In Italien bedeckt der Primitivo eine Fläche von rund 12’000 Hektar, vor allem in Apulien. Man unterscheidet heute drei verschiedene Primitivo-Stile: Der Primitivo di Manduria, bei dem Restzucker erlaubt ist, wirkt oft wie eine Karikatur, so mächtig kommt er daher, dominiert von Konfitürearomen. Der Primitivo del Salento ist reichhaltig und fruchtig. Der Primitivo di Gioia del Colle dagegen ist in der Regel der frischeste und eleganteste von allen.

Arbre généalogique du Tribidrag.
Genealogischer Stammbaum des Tribidrag alias Primitivo oder Zinfandel. Er ist der Vater zahlreicher kroatischer und montenegrinischer Rebsorten wie etwa des Plavac Mali, der am häufigsten kultivierten Varietät in Kroatien, oder des Vranac, der am meisten angebauten Sorte in Montenegro (aus: Wine Grapes, Allen Lane 2012).

 

Nero di Troia

Früher Uva di Troia (Traube von Troia) genannt, hat der Nero di Troia nichts mit der legendären, untergegangenen griechischen Stadt Troja zu tun, dafür umso mehr mit dem Dorf Troia in der apulischen Provinz Foggia. Das Dorf Troia wurde übrigens von Diomedes gegründet, dem Zerstörer der Stadt… Troja! Diesem Diomedes schreibt man fälschlicherweise die Einführung der genannten Rebsorte in Apulien zu, wo sie seit 1791 nachgewiesen ist. Eine 2016 erschienene genetische Studie hat aufgezeigt, dass die drei lokalen Rebsorten Nero di Troia, Bombino Nero und Impigno alles natürliche Kinder des Bombino Bianco und des Quagliano sind.

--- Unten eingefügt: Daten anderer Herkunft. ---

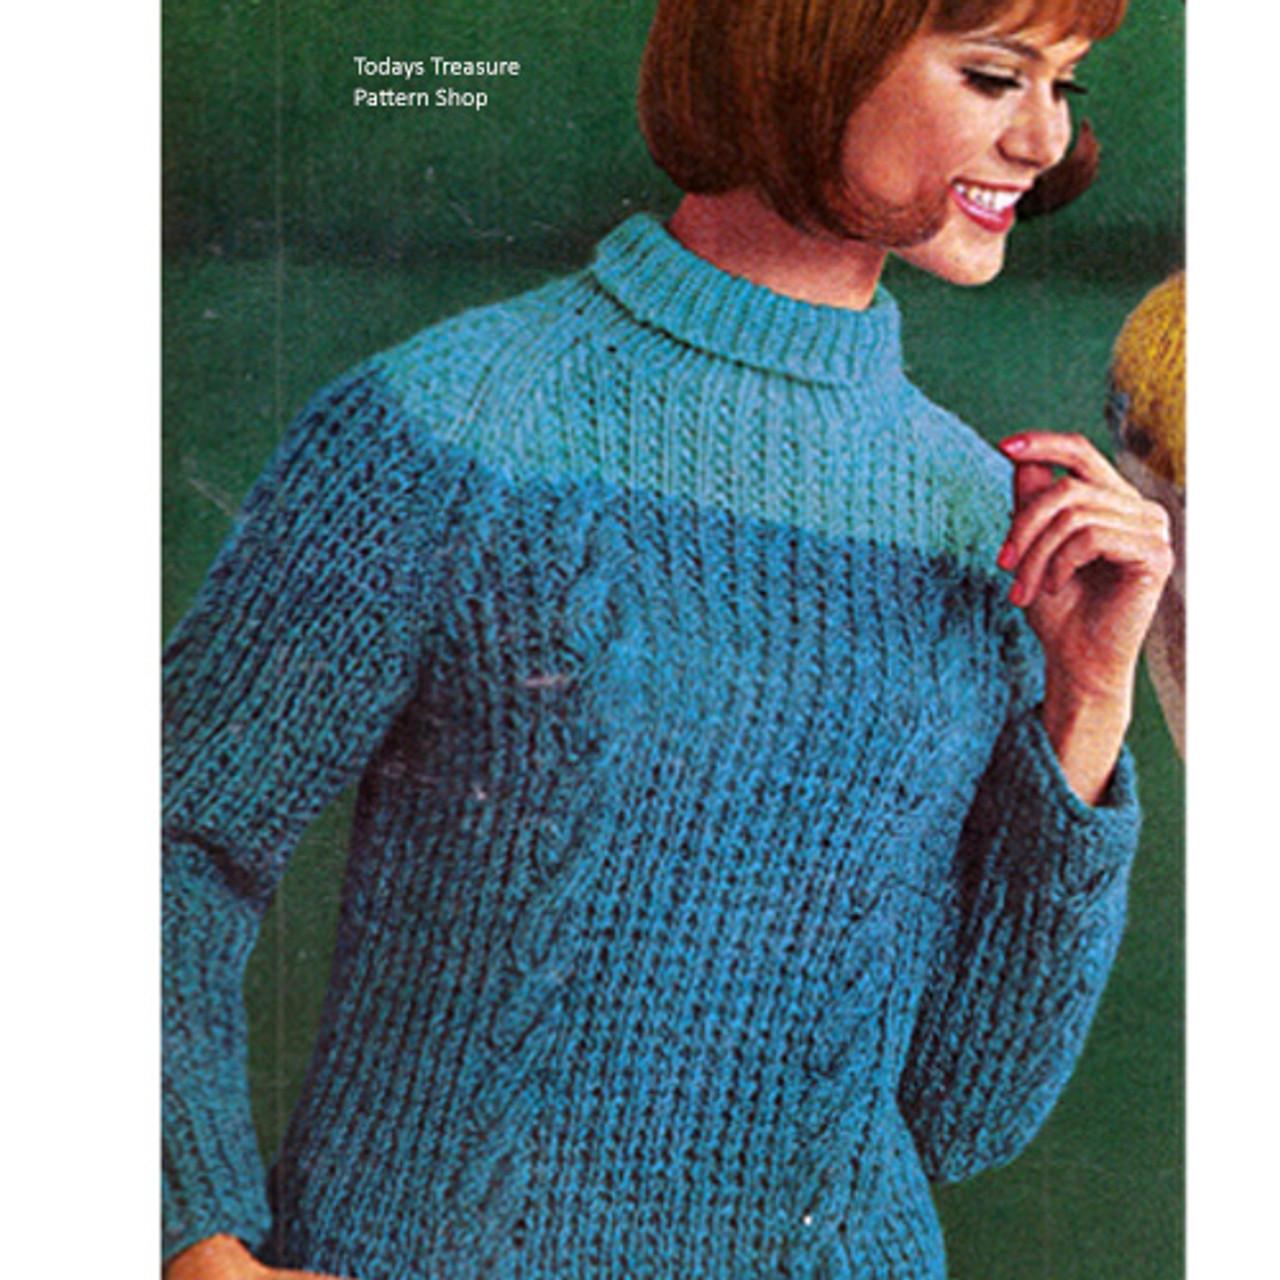 Spinnerin Alpine Knitted Sweater Pattern

Der Bombino Bianco, was «kleine Bombe» bedeutet und auf die Form seiner Trauben hinweist, ist eine Rebsorte, die aus Apulien stammt und heute in verschiedenen Regionen Italiens unter zahlreichen Synonymen kultiviert wird, so etwa unter dem Namen Ottonese in der Region Lazio nahe Rom oder als Pagadebit, was so viel bedeutet wie «Schuldgeld», ein Hinweis auf seine enorme Produktivität.

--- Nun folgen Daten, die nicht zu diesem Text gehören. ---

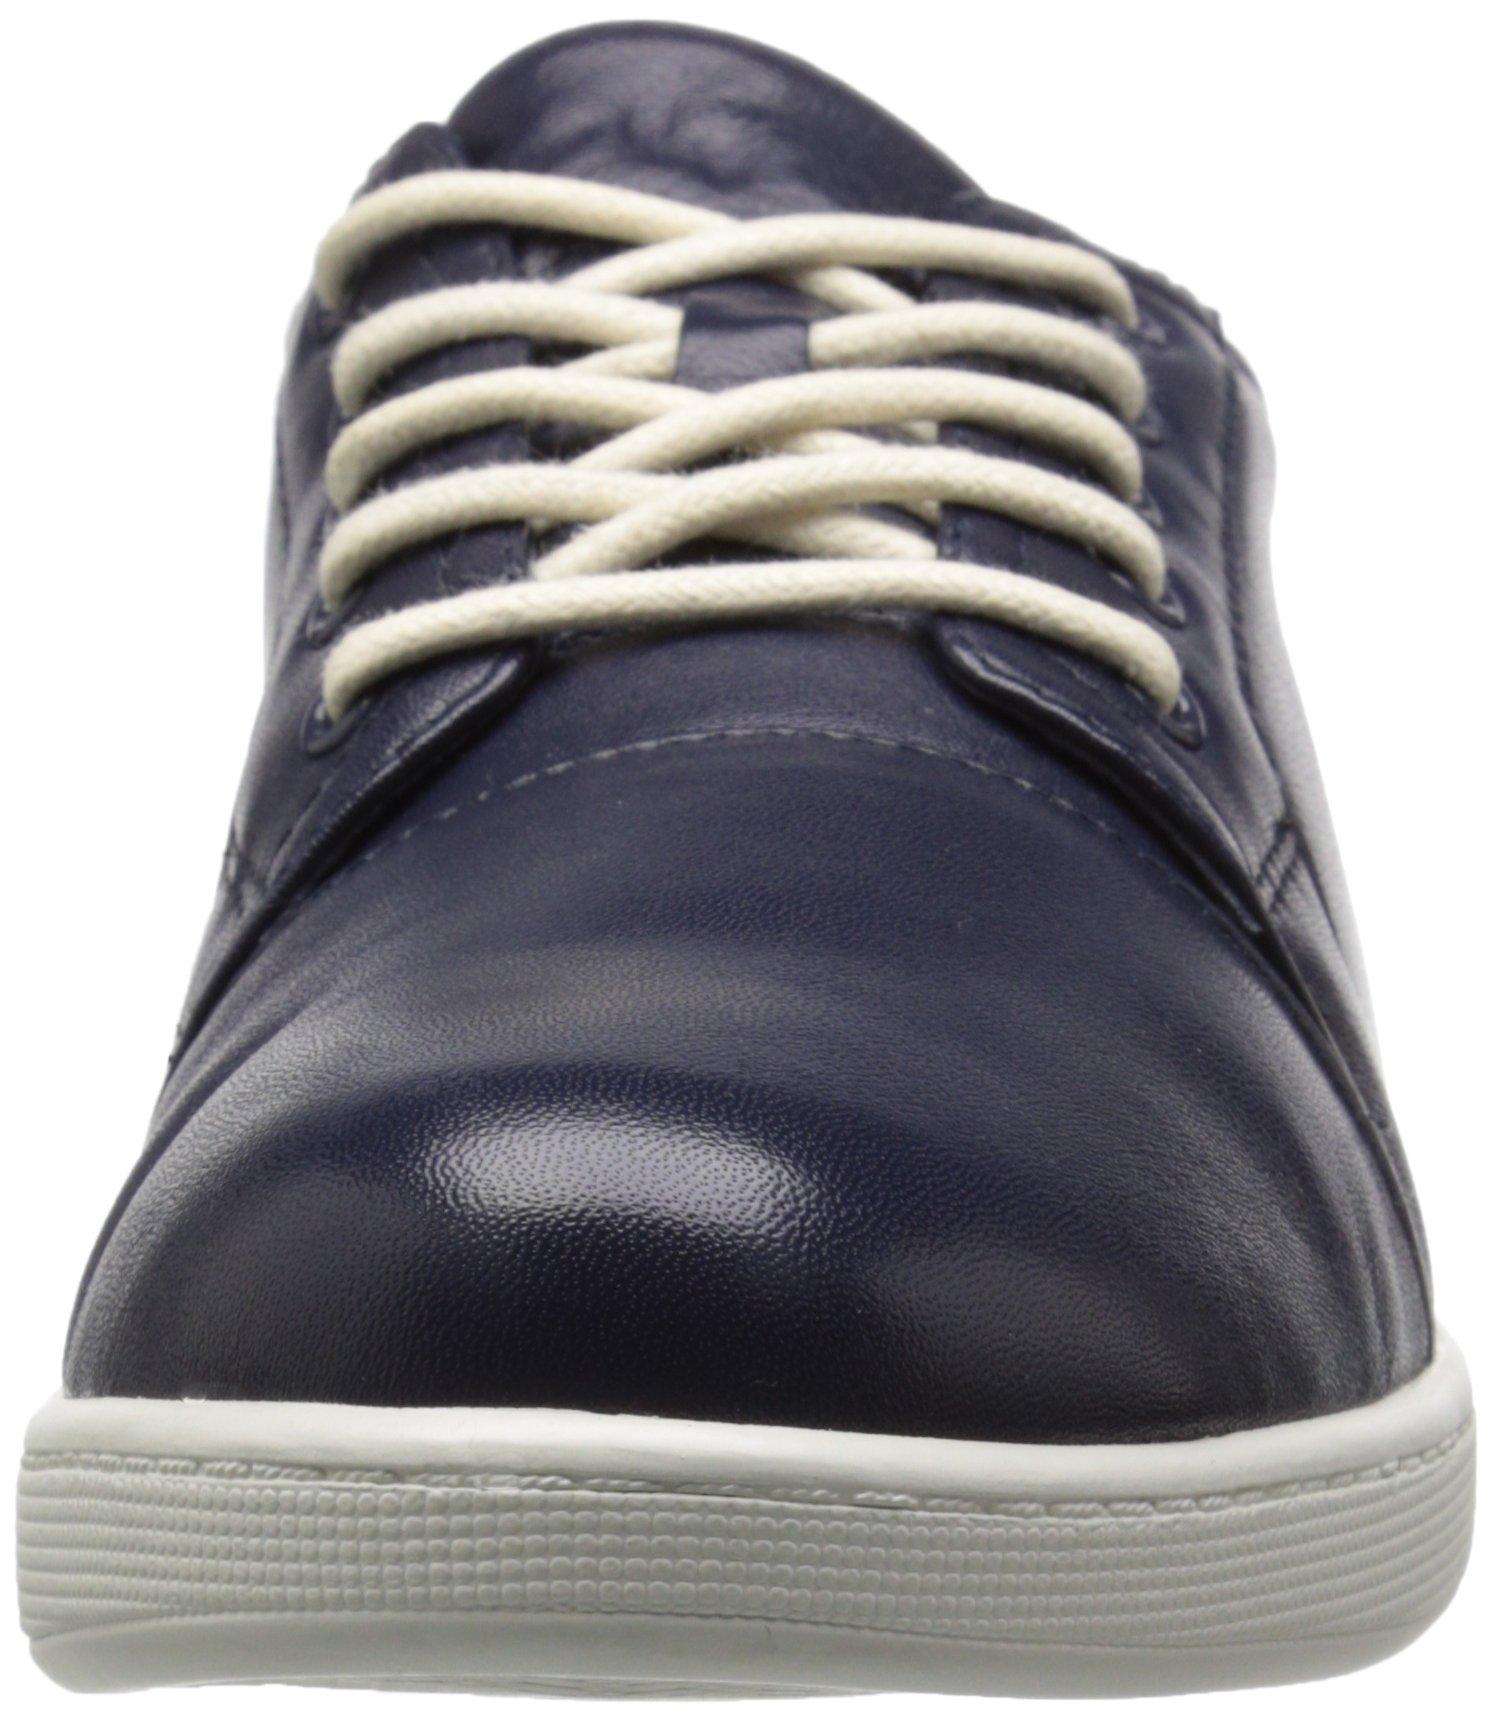 Trotters Women's Arizona Sneaker, Navy, 9 M US by Trotters (Image #4)

Der Quagliano seinerseits ist eine sehr seltene rote Rebsorte voller Geheimnisse. Lange glaubte man, er würde nur im Piemont kultiviert, in den Tälern von Stura, Grana, Maira und Vardita unweit von Saluzzo, wo er 1721 zum ersten Mal erwähnt wurde. Überraschenderweise hat der DNA-Test ergeben, dass diese Rebsorte identisch ist mit dem Bouteillan Noir aus dem Vaucluse sowie mit der Uva Rosa Antica, die man in der Provinz Salerno südlich von Neapel, bei Ricigliano, entdeckt hat. Vielleicht wurde er in der apulischen Region Barletta auch Quagliara genannt. Da alle drei natürlichen Kinder des Paares Quagliano × Bombino Bianco traditionell in Apulien kultiviert werden, darf man Apulien als die Wiege von Nero di Troia, Bombino Nero und Impigno betrachten.  

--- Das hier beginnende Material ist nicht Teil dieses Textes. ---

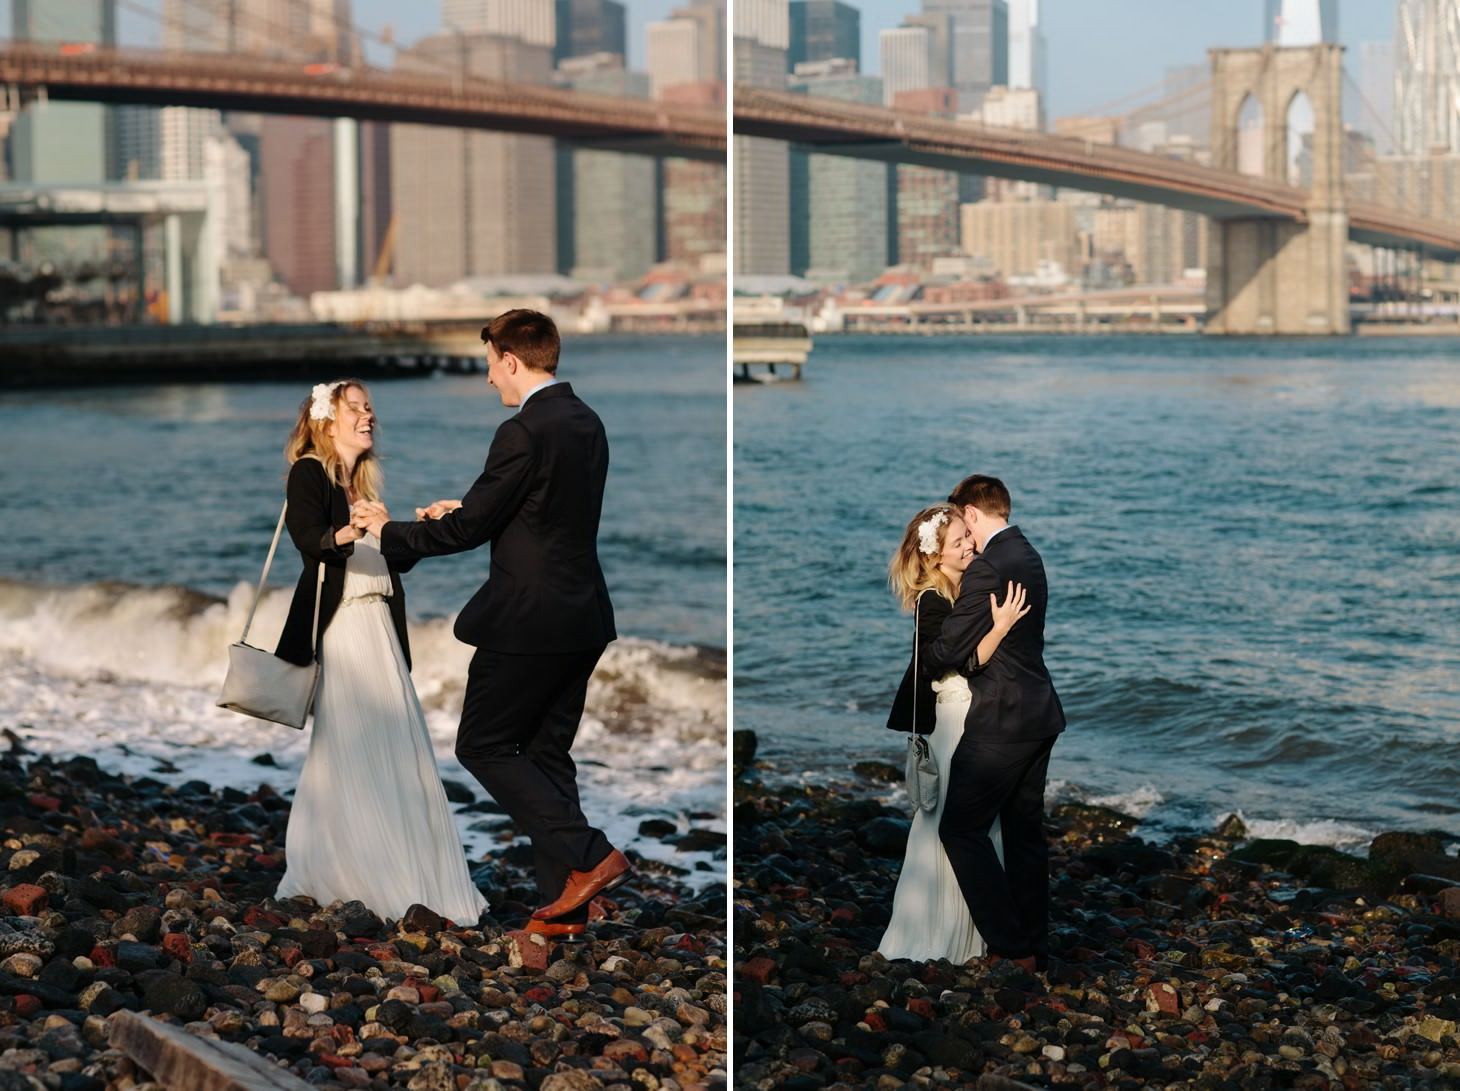 nyc-wedding-photographer-brooklyn-bridge-smitten-chickens-photo007.jpg

Nach einem langsamen Niedergang gegen Ende des
20. Jahrhunderts, zieht der Nero di Troia (2500 ha) heute wieder vermehrt das Interesse auf sich. Aus ihm werden exzellente Weine mit ausgeprägtem Charakter vinifiziert, die durch reichhaltige Tannine, runden Körper und frische Aromen von Kirschen, Oliven und Lakritze bestechen.

Negroamaro

Negroamaro

Der Negroamaro ist eine der wichtigsten Rebsorten Apuliens; er wurde hier bereits im 19. Jahrhundert erwähnt. Gut möglich, dass er sogar schon früher angebaut wurde, das legen zumindest seine zahlreichen lokalen Synonyme nahe: Abruzzese, Albese, Jonico, Purcinara usw. Sein Name bedeutet «bitterer Schwarzer», ein Hinweis auf seine organoleptischen Charakteristiken. Die genetische Analyse konnte keinen direkten Verwandten aufspüren, auch nicht den griechischen Xinomavro, zu dem ihm bisweilen eine enge Verbindung nachgesagt wird. Der Negroamaro ist also ein Waisenkind. Dafür hat man entdeckt, dass er sich auf natürliche Weise mit der Malvasia Bianca Lunga gekreuzt hat, um die Malvasia Nera di Brindisi hervorzubringen.

Der Negroamaro bedeckt heute eine Fläche von rund 12’000 Hektar in Apulien, hauptsächlich in den Provinzen Lecce und Brindisi, wo er einen rassigen, charaktervollen Wein mit samtig weichen Tanninen und einem leicht bitteren, trockenen Nachhall ergibt.

Susumaniello

SusumanielloDer Susumaniello ist eine rare Rebsorte aus der Provinz Brindisi. Sein Name könnte vom Wort «somarello» (Esel) stammen, ein Hinweis auf die schwere Last, welche diese Rebstöcke tragen können, vor allem, wenn sie jung sind.

Der kürzlich durchgeführte DNA-Test hat ergeben, dass der Susumaniello das natürliche Kind des Sangiovese ist. Er ist eine absolute Rarität, wird nur auf 50 Hektar kultiviert und in der Regel in Assemblagen mit anderen lokalen Rebsorten wie Malvasia Nera di Brindisi oder Negroamaro verwendet.